EXERCISE -> Pictures must not appear; the answer is exactly the lines from the one that holds "Arkkitehtuuripoliittisen ohjelman tunnus" through the end of the material.

COLLECTED MATERIAL ->
BEGIN

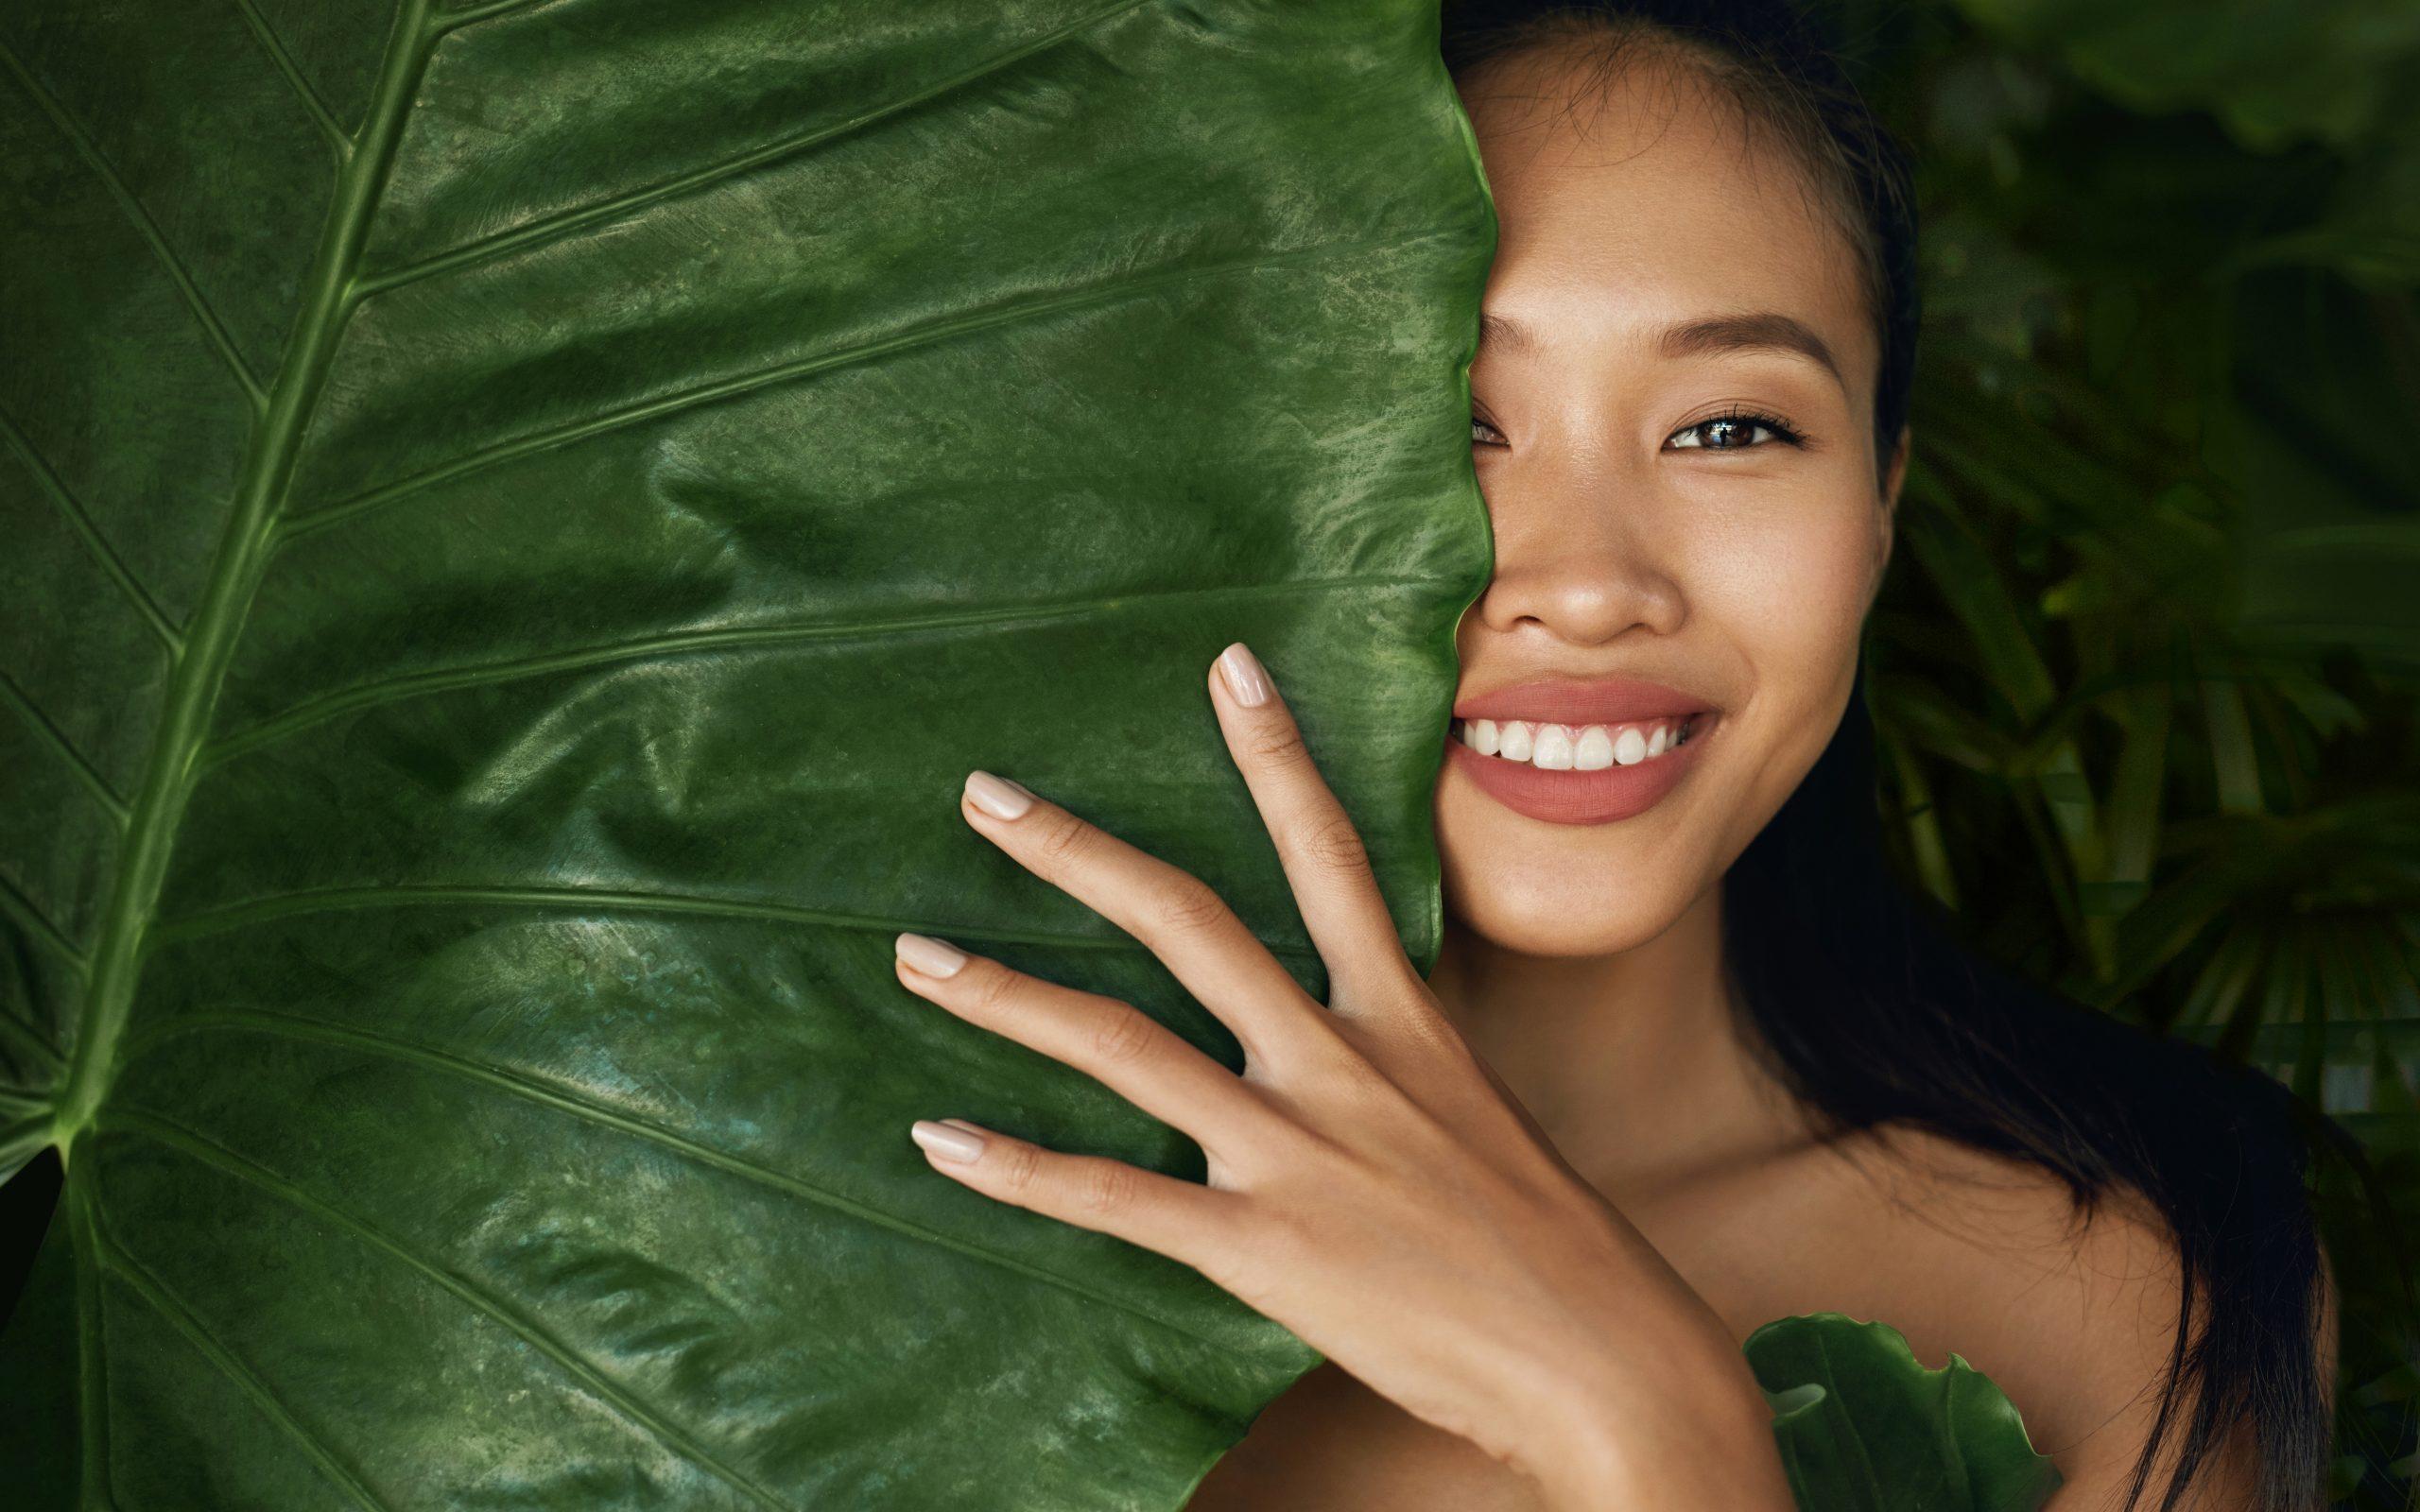 Ομορφιά: Το στυλ ζωής σου αντανακλάται στο δέρμα σου
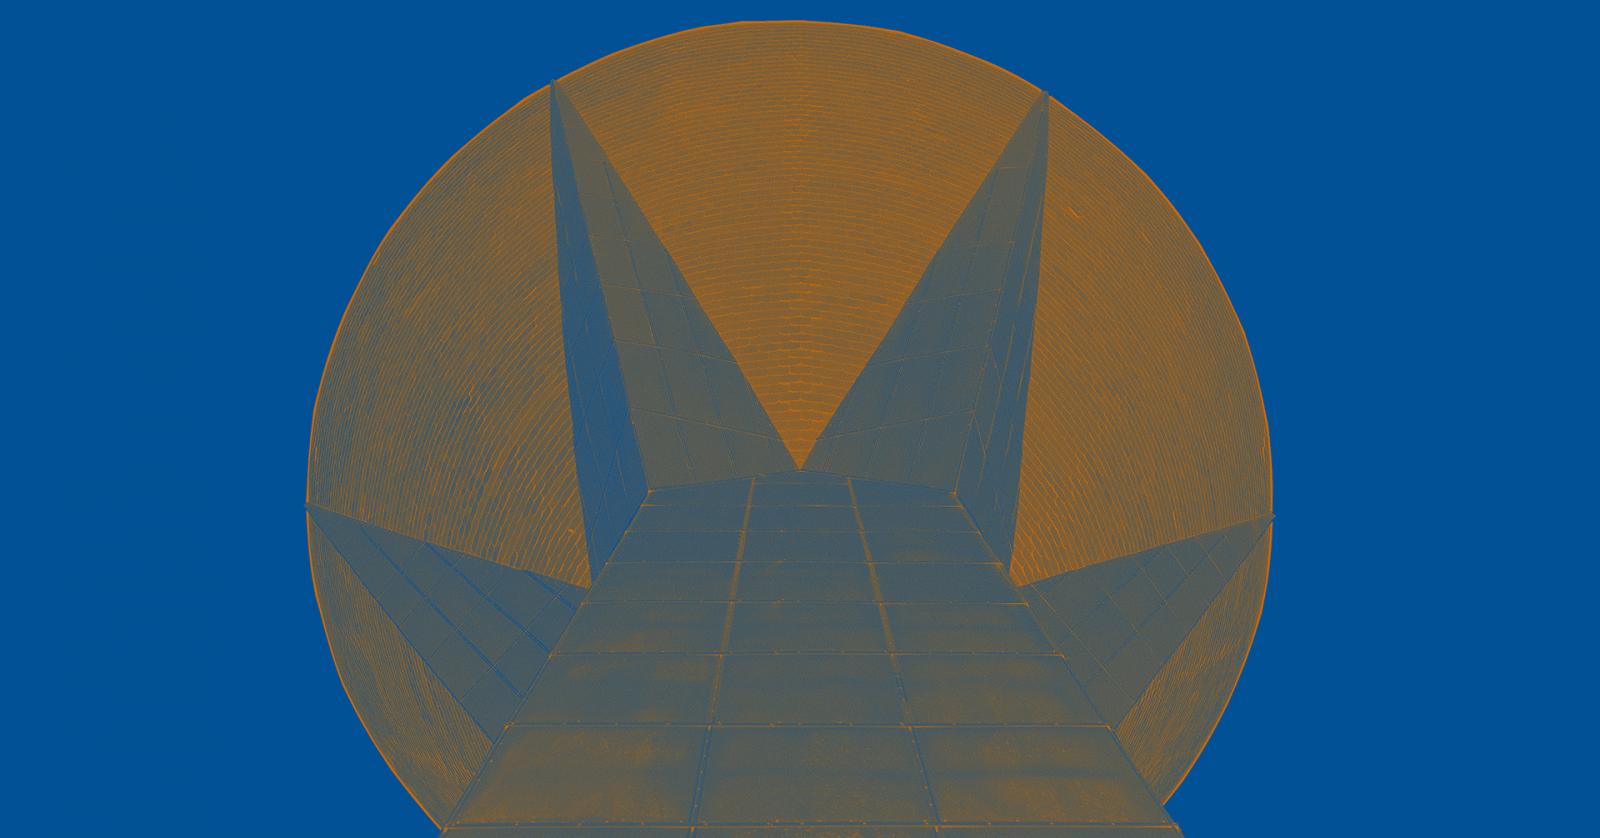 Arkkitehtuuripoliittisen ohjelman tunnus on Lahden vesitorni
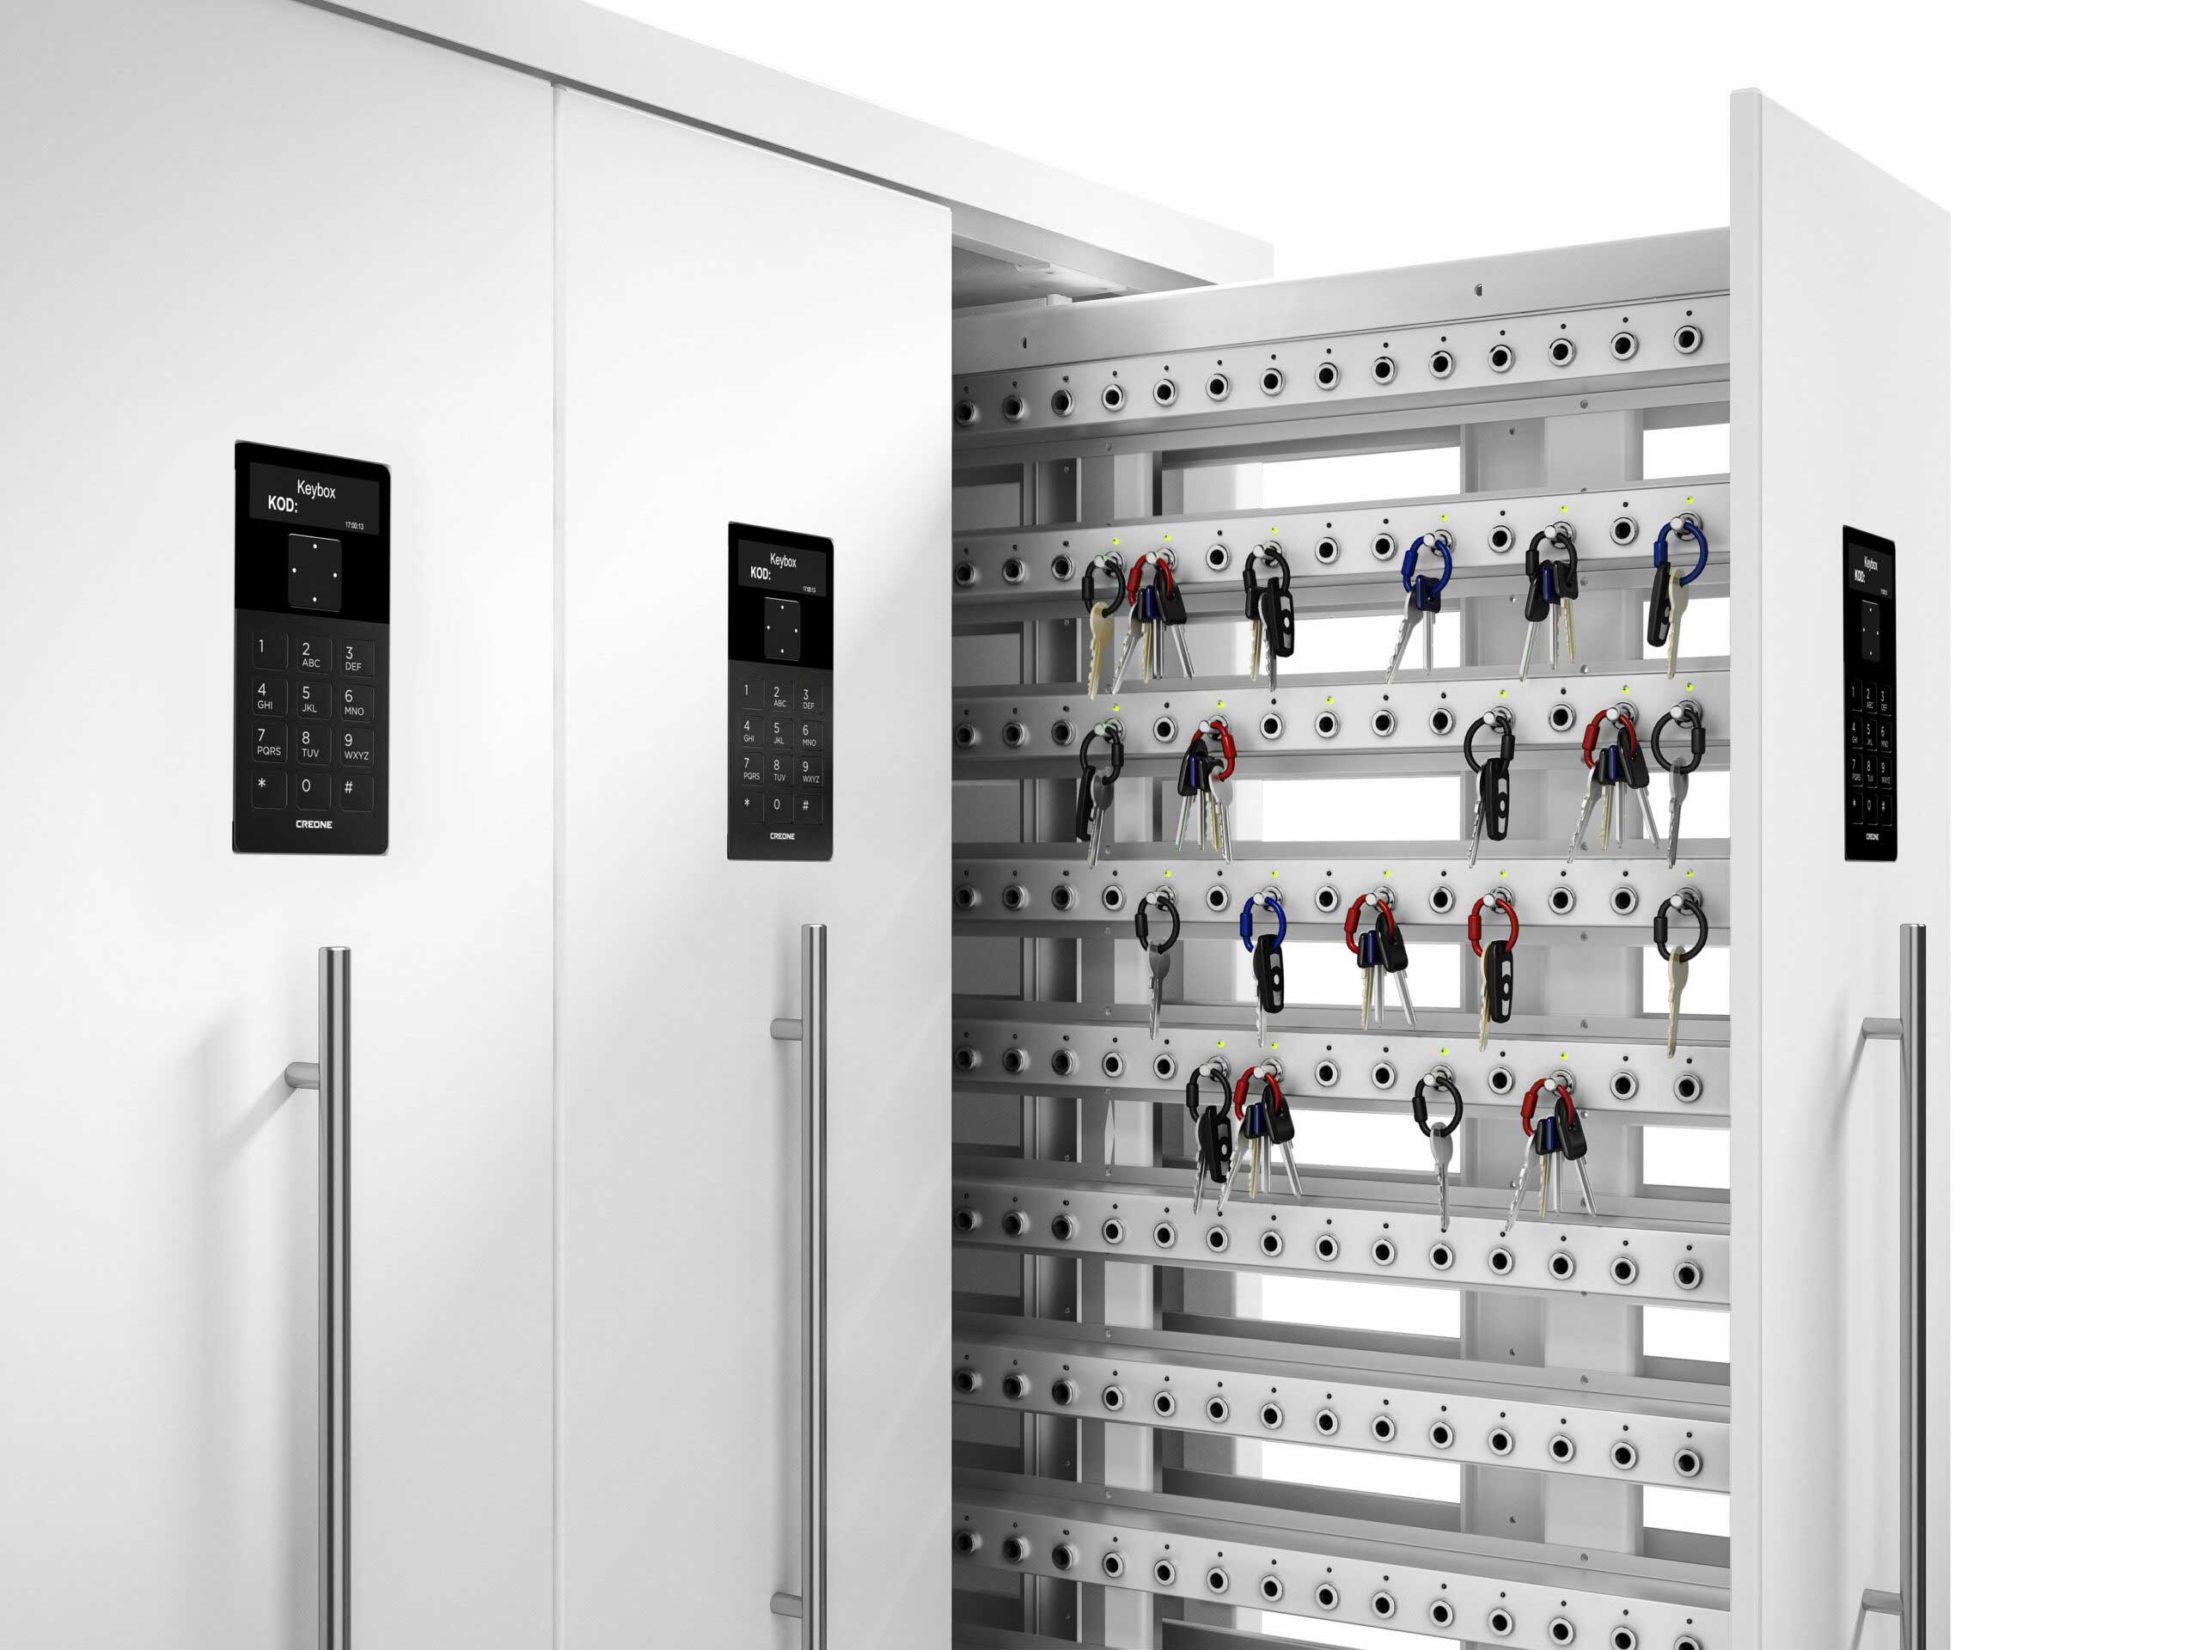 Armoire à clés 9700 SC de la gamme Keycontrol. Porte ouverte montrant les racks qui organisent la gestion des clés.

END

TASK ANSWER ->
 Arkkitehtuuripoliittisen ohjelman tunnus on Lahden vesitorni
 Armoire à clés 9700 SC de la gamme Keycontrol. Porte ouverte montrant les racks qui organisent la gestion des clés.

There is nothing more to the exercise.